Giuseppe diviene un ossessione, una domanda e la sua risposta.

“Lui era nel primo film che vidi al cinema all’età di sette anni, il mio primo amore teatrale, il ricordo più fervido della passione e dell’amore per l’arte di mio padre. Era un suo riflesso.”

Ci si chiede se l’autrice, attraverso una penna attenta e lucida, racconti una storia vissuta, seppure indirettamente, oppure se la protagonista è solo creazione mentale, un alter ego da riempire con gli errori, le debolezze e le fragilità.

“Quando tornano le rose” è un romanzo breve che si legge in fretta perché famelica è la necessita di comprendere se Caterina può salvarsi.

Caterina soffre di up e down: il suo umore è discontinuo, la sua felicità lucente e la sua sofferenza agonizzante.

“Arriva la tristezza alla fine di ogni entusiasmo.
Così accade spesso che sogno, sogno tanto, sogno positivo, poi mi sveglio, mi guardo intorno e non c’è nulla, nessuno ad aspettarti, nessuno a cercarti. Non esisti, ecco”.

Caterina, tuttavia, non è sola: ha Angelica, la sua più cara amica, il professore Landolfi che sembra comprendere quella fanciulla così sofferente, la sua famiglia  frammentata e la sua terra, la Sicilia, corrotta e splendente.

“Pensavo alla mia terra, arsa e corrotta, agli occhi di mia madre scalfiti da un grigio simile alla tristezza, all’arroganza sociale di mia sorella, all’assenza di autostima di cui ero vittima dopo la morte di mio padre.”

Tra le pagine di “Quando tornano le rose”  il lettore può ritrovare se stesso, il suo dolore, la sua malinconia, il suo desiderio di rivalsa, la lotta per la vita.

Caterina, che ha un forellino sopra l’orecchio destro da cui riceve misteriose istruzioni, appare folle eppure lucida, straordinariamente simile a qualsiasi altro essere umano.

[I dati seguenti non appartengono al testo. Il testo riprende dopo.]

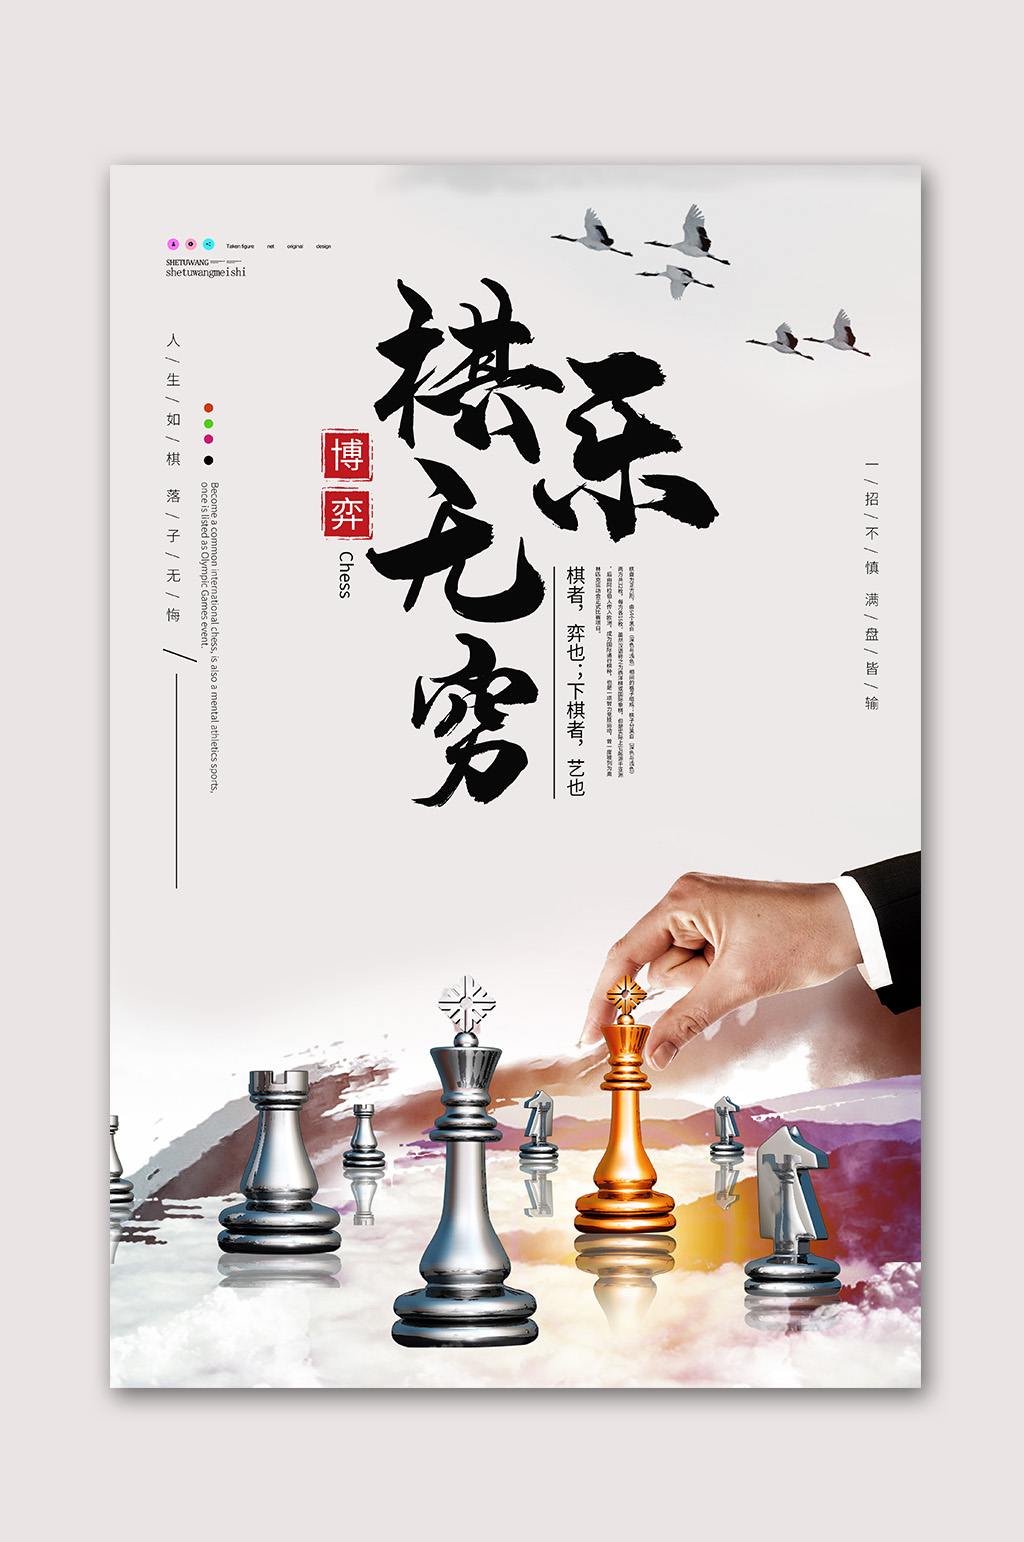 棋乐无穷国际象棋海报

Il confine è sottile: c’è chi smette di lottare e chi intrepido non si arrende all’esistenza e ai suoi misteri.

“La tristezza è quel semicerchio sotto l’arcobaleno, un’ampolla da cui ogni tanto vediamo fuori e, se alziamo la testa, i colori sono sempre così lontani e irraggiungibili. Convivo da sempre con lei, le cammino accanto.

Lei è al mio fianco, passeggiando in riva al fiume, tra le gocce di pioggia sul parabrezza, infilata nei ricordi, mescolata alla malinconia.”